Hint: Here, we have to solve the given equation and find the value of \[x\]. First, we will use the trigonometric identities to convert the given equation into the form as a quadratic equation. Then, we will solve the equation by factoring method. Again, we will use the trigonometric identities converting the variable to trigonometric function and using periodicity identities, we will obtain the value of the variable. Trigonometric equation is an equation involving one or more trigonometric ratios of unknown angles.

Formula used: We will use the following formulas:
Trigonometric Identity: \[{\sin ^2}x + {\cos ^2}x = 1 \Rightarrow {\cos ^2}x = 1 - {\sin ^2}x\]
Periodicity Identities: \[\sin (\pi + A) = - \sin A;\sin (2\pi - A) = - \sin A;\]
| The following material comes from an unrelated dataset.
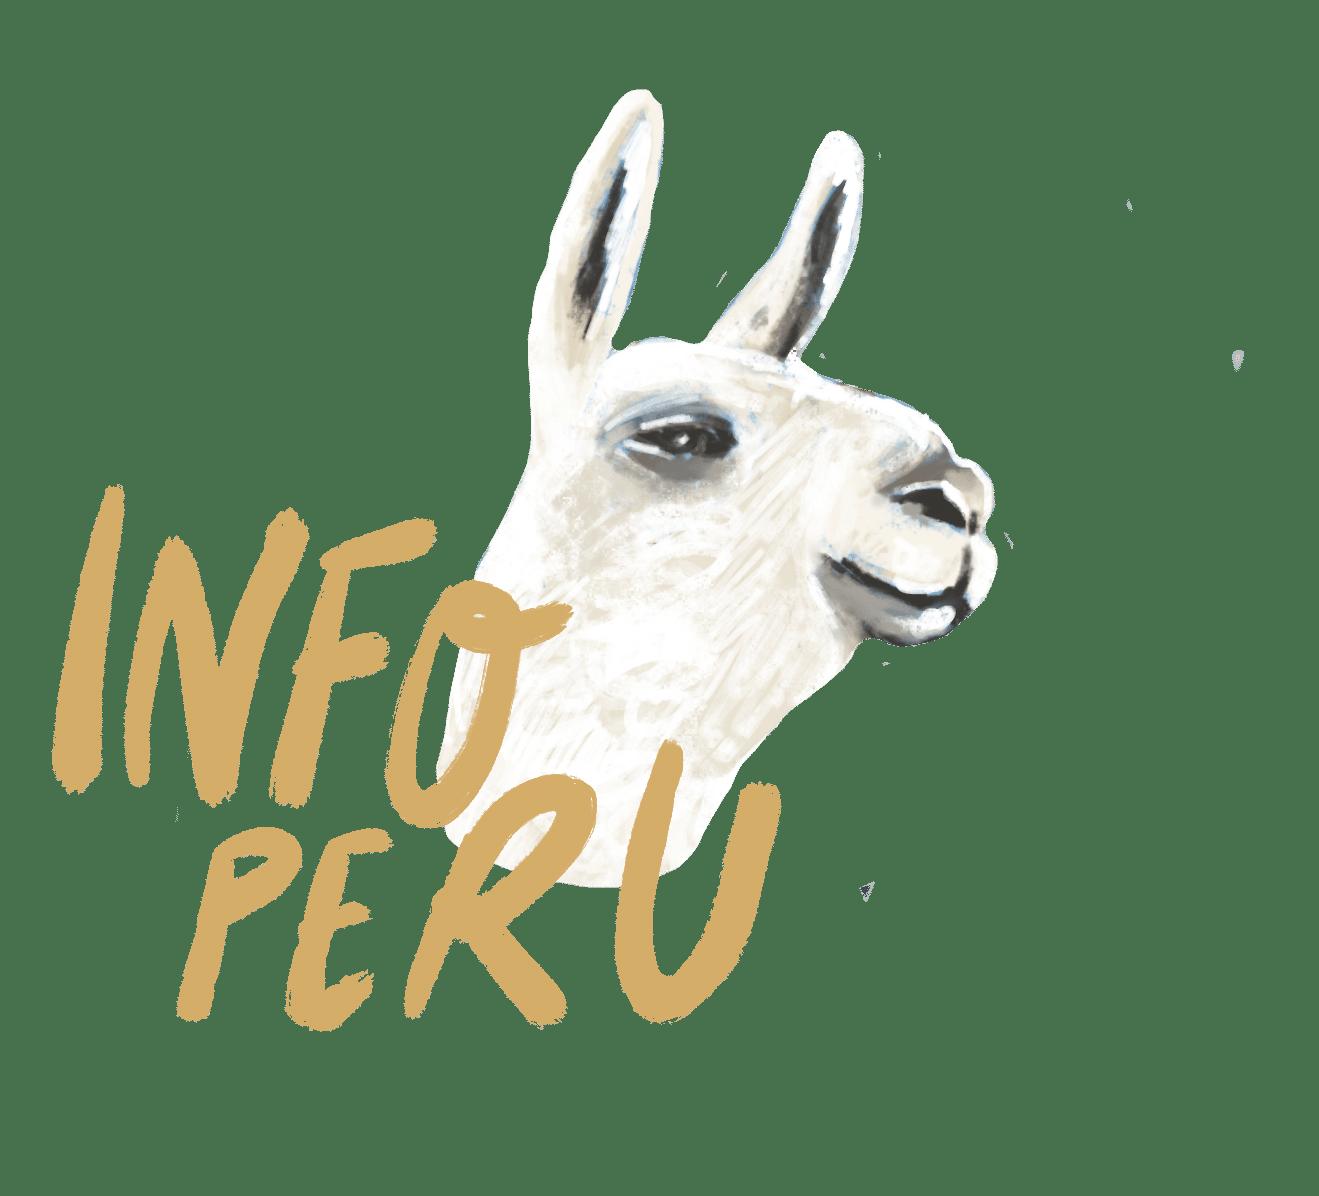 Info-Peru

Complete step-by-step answer:
We are given with a trigonometric function to solve for the variable.
\[2{\cos ^2}x + 3\sin x = 0\]
We know that \[{\sin ^2}x + {\cos ^2}x = 1\], so rewriting this identity, we get
\[{\cos ^2}x = 1 - {\sin ^2}x\]
Substituting \[{\cos ^2}x = 1 - {\sin ^2}x\] in the given equation, we get
\[ \Rightarrow 2(1 - {\sin ^2}x) + 3\sin x = 0\]
Multiplying the terms, we get
\[ \Rightarrow 2 - 2{\sin ^2}x + 3\sin x = 0\]
Rewriting the above equation, we get
\[ \Rightarrow 2{\sin ^2}x - 3\sin x - 2 = 0\] …………………………….\[\left( 1 \right)\]
Now, Let \[\sin x = y\]. Therefore,
\[ \Rightarrow 2{y^2} - 3y - 2 = 0\]
By using factoring method for Quadratic equation, we have
\[ \Rightarrow 2{y^2} - 4y + y - 2 = 0\]
Now, grouping into terms, we get
\[ \Rightarrow 2y\left( {y - 2} \right) + 1\left( {y - 2} \right) = 0\]
Now, again by grouping into terms, we have
\[ \Rightarrow \left( {2y - 1} \right)\left( {y - 2} \right) = 0\]
Now, by using the Zero-Product Property, we have
\[ \Rightarrow \left( {2y + 1} \right) = 0\] or \[\left( {y - 2} \right) = 0\]
Rewriting the equation, we have
\[ \Rightarrow 2y = - 1\] or \[y = 2\]
\[ \Rightarrow y = \dfrac{{ - 1}}{2}\] or \[y = 2\]
Now substituting \[y = \sin x\] in the above equations, we get
\[ \Rightarrow \sin x = \dfrac{{ - 1}}{2}\] or \[\sin x = 2\]
Since sine lies between \[ - 1\]to \[ + 1\] and \[\sin x = 2\] is greater than \[ + 1\], so we will not take \[\sin x = 2\].
Now,
\[\sin x = \dfrac{{ - 1}}{2}\]
\[ \Rightarrow x = {\sin ^{ - 1}}\left( {\dfrac{{ - 1}}{2}} \right)\]
\[\sin x\]is negative in the third and the fourth quadrant.
Using the periodicity identities \[\sin (\pi + A) = - \sin A\] and \[\sin (2\pi - A) = - \sin A\], we have
\[ \Rightarrow x = \pi + \dfrac{\pi }{6}\] or \[x = 2\pi - \dfrac{\pi }{6}\]
By cross multiplying, we have
\[ \Rightarrow x = \dfrac{{6\pi }}{6} + \dfrac{\pi }{6}\] or \[x = \dfrac{{12\pi }}{6} - \dfrac{\pi }{6}\]
Adding the like fractions, we have
\[ \Rightarrow x = \dfrac{{6\pi + \pi }}{6}\] or \[x = \dfrac{{12\pi - \pi }}{6}\]
\[ \Rightarrow x = \dfrac{{7\pi }}{6}\] or \[x = \dfrac{{11\pi }}{6}\]
Therefore, the values are \[x = \dfrac{{7\pi }}{6}\] and \[\dfrac{{11\pi }}{6}\].

Note: We have used the property of Zero-Product Property in Factoring method. Zero-Product Property states that If we multiply two (or more) things together and the result is equal to zero.Then we know that at least one of those things that we multiplied must also have been equal to zero. The only way for us to get zero when we multiply two (or more) factors together is for one of the factors to have been zero. We should be clear of Periodicity identities too.